Half Burpee is a full-body exercise that targets the muscles of the legs, hips, arms, shoulders, and core. It’s a modified version of the traditional Burpee that is easier to perform and less intense, making it a good option for people who are just starting to exercise or who have limited mobility. Here’s how to do it:

  1. You should begin by standing with your feet shoulder-width apart and your toes turned out just a little bit.
  2. Maintain an up-extended position for your hands.
  3. Squat down low and keep your chest elevated while you’re in the position.
  4. After that, position your hands so that they are directly underneath your shoulders and on the floor.
  5. You should move into a high plank position by kicking your feet behind you.
  6. Your hands should be extended above your head as you jump your legs back up to a standing position.
  7. One repetition is this.

20. Tuck Jumps.

Tuck Jumps is a high-intensity plyometric exercise that targets the muscles of the legs, hips, and core.
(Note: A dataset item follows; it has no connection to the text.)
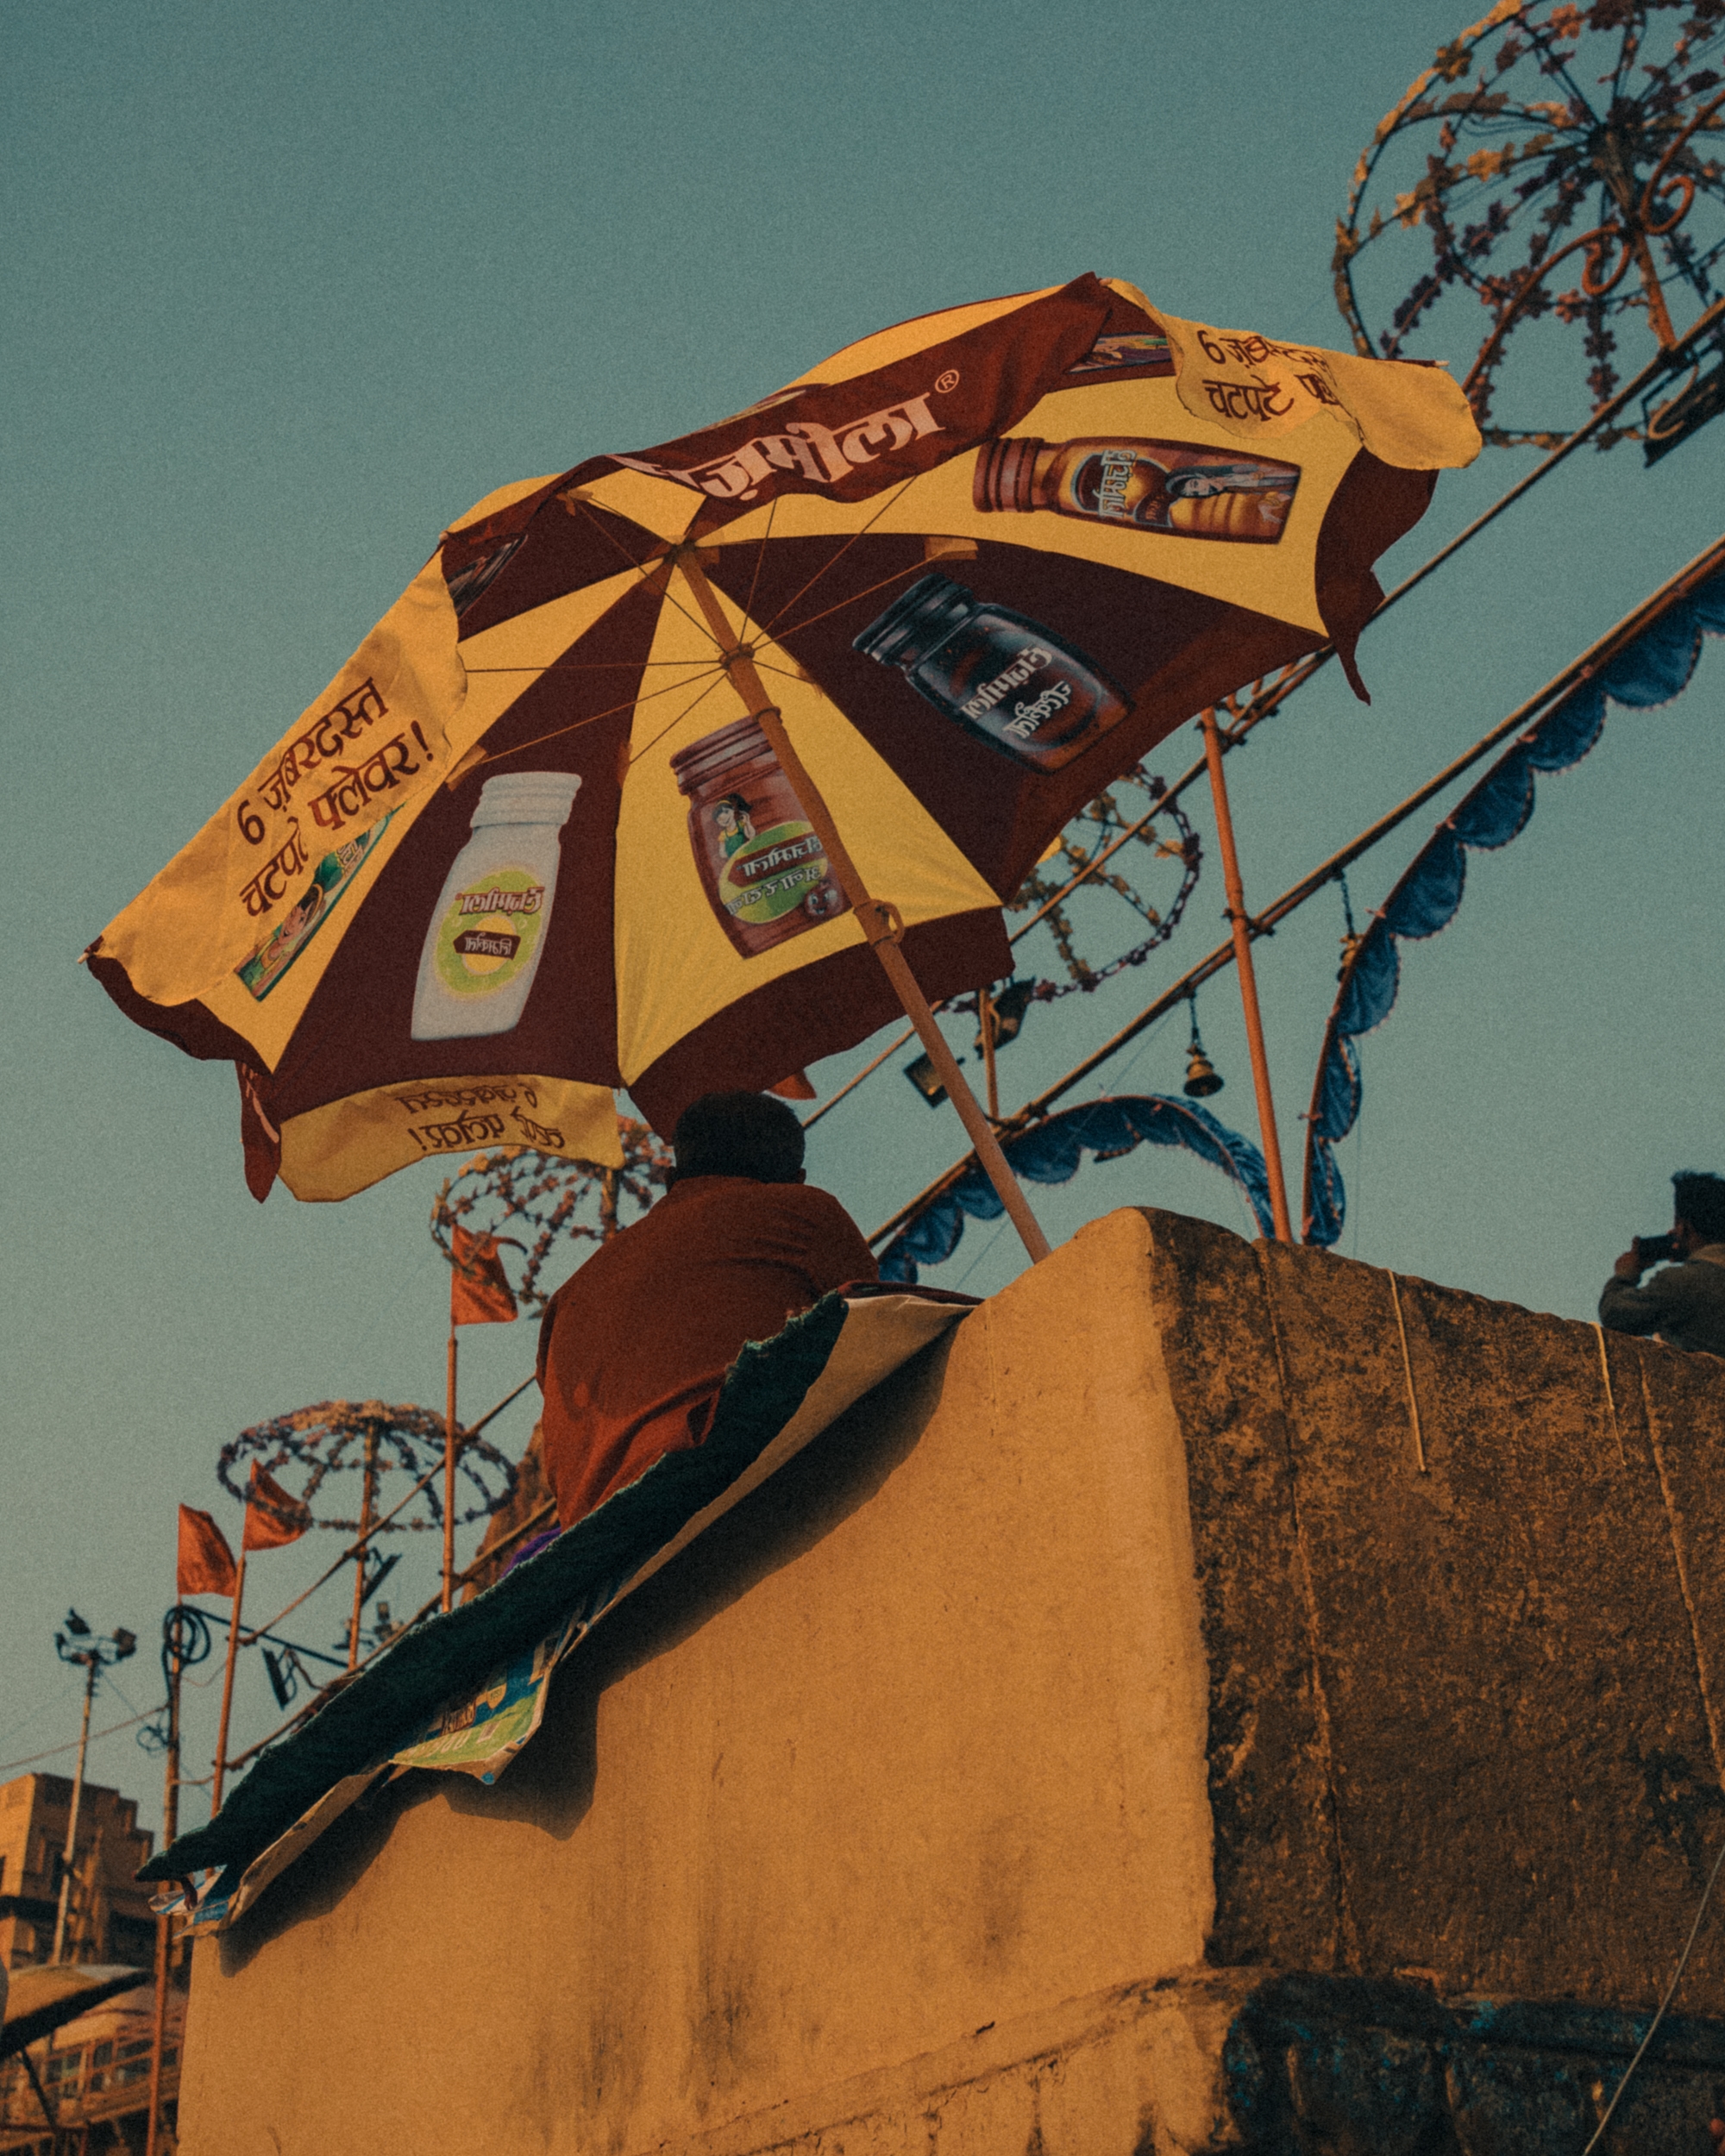 Vendeur sous parasol, Inde

It’s a challenging exercise that requires explosive power, coordination, and balance, making it a good option for experienced exercisers who want to improve their athletic performance. Here’s how to do it:

  1. To begin, come to a standing position with your feet about hip-width apart and your hands outstretched above your head.
  2. Jumping straight up while engaging your core and glutes will help you bring your knees up to meet your hands.
  3. Repeat the move while maintaining a rapid pace to keep your heart rate elevated. After each rep, softly land back on the ground.
  4. It is vital to keep in mind that, in order to achieve the best results possible, it is necessary to activate the appropriate muscles throughout each exercise and to complete each exercise in the correct manner.
  5. In addition, it is essential to have a well-rounded exercise regimen that targets not only the lower abdominal region but also other parts of the body. These other sections of the body include the legs, the arms, and the chest.

Bottom Line.

You may strengthen your lower abdominal muscles, improve your posture, and lessen your chance of injury by including the exercises that are described here into your regular workout program.

It is important to keep in mind that you should begin your workout slowly and gradually increase the intensity as your muscles adapt. Additionally, you should consult with a trained professional if you are confused about the correct technique for any exercise.